Details on an issue in apache-commons-fileupload were released on February 6:
http://seclists.org/fulldisclosure/2014/Feb/41

As tomcat (tomcat7) bundles it, it is also affected.  It will be fixed in version 7.0.51, when released.  There is also a link to the upstream revision that fixes the issue on the tomcat7 security page:
http://tomcat.apache.org/security-7.html

This CVE might be split, as was requested here:
http://openwall.com/lists/oss-security/2014/02/07/3

Reproducible: 

Steps to Reproduce:
Comment 1 David Walser 2014-02-27 18:45:29 CET 
The issue is fixed upstream in Tomcat 7.0.52, which doesn't build.

I tried building tomcat 7.0.52 locally in Mageia 4 and got:
BUILD FAILED
/home/david/tomcat/BUILD/apache-tomcat-7.0.52-src/build.xml:1784 The java.7.home property must be set for javadoc build

I found the upstream commit in tomcat to fix this:
http://svn.apache.org/viewvc?view=revision&revision=1565169

The tomcat commit applies cleanly to tomcat 7.0.47 in Mageia 4 and Cauldron, and only needed one "public" removed to apply to 7.0.41 in Mageia 3.  I added it in SVN and built it.

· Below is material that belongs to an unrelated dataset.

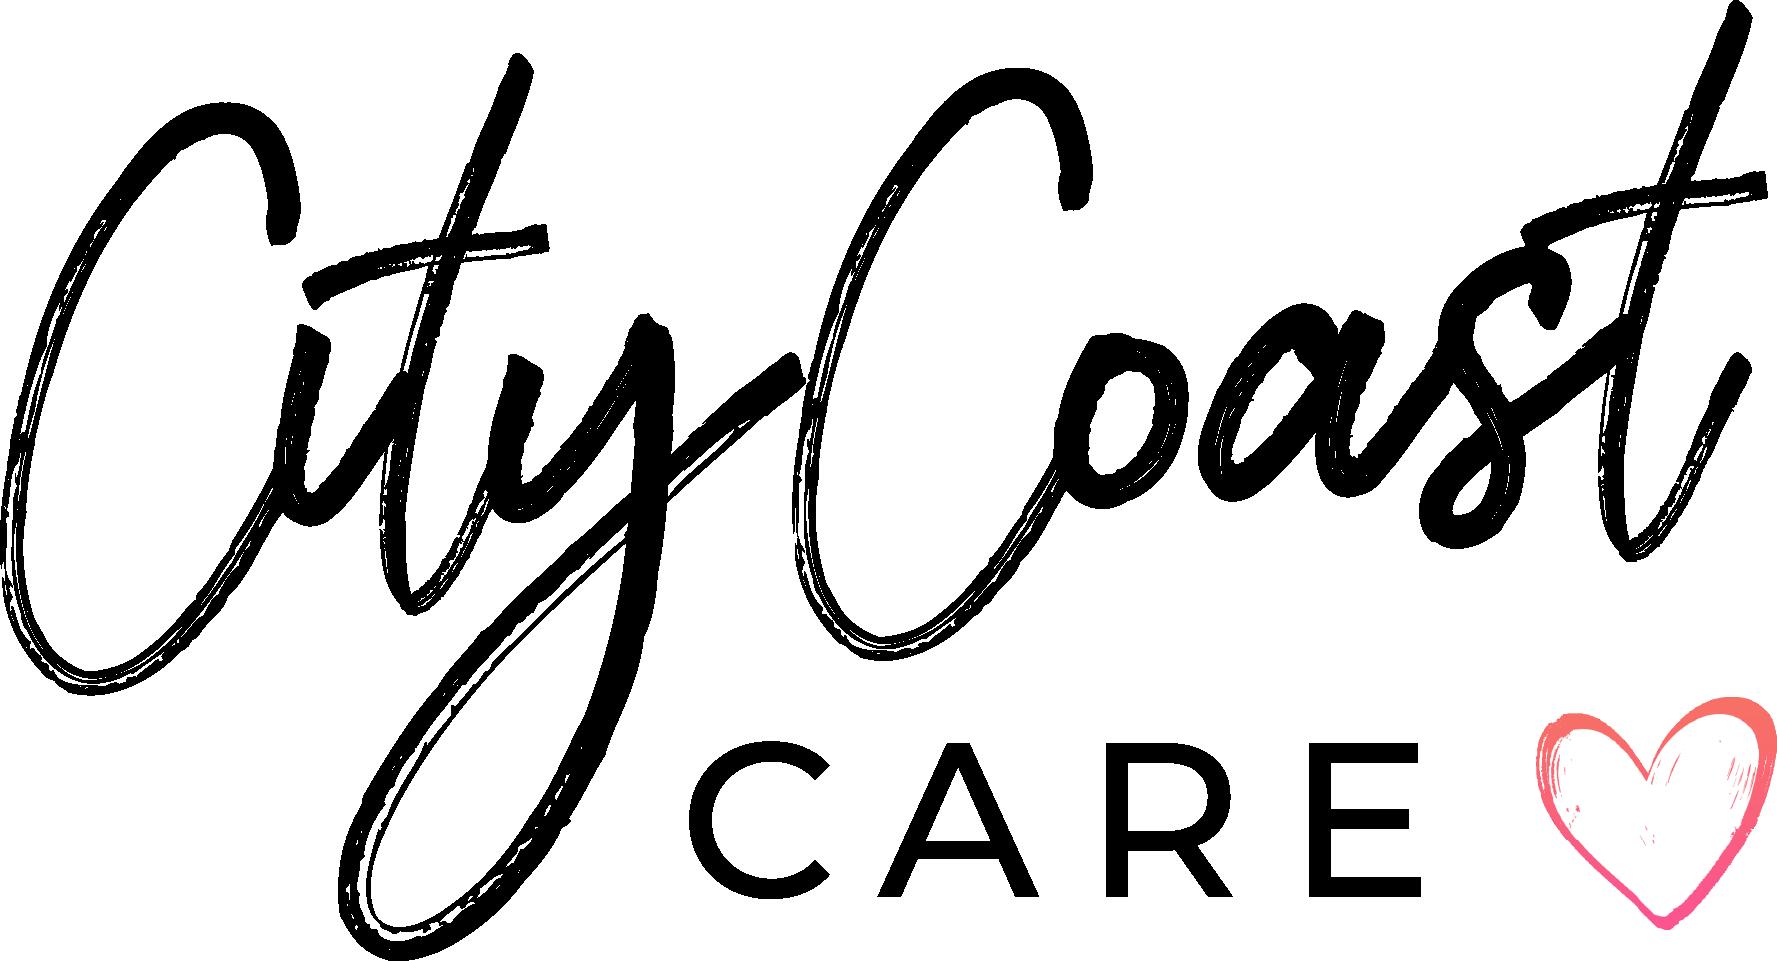 Citycoast Care logo

The QA team has determined that tomcat in Mageia 4 is not working:
https://bugs.mageia.org/show_bug.cgi?id=12653#c17

Just for the sake of posterity, the Mageia 3 tomcat update might also fix CVE-2013-1976, as I indicated here:
https://bugs.mageia.org/show_bug.cgi?id=10201#c23

I'm not *sure* whether it was affected, so I didn't mention it in the advisory.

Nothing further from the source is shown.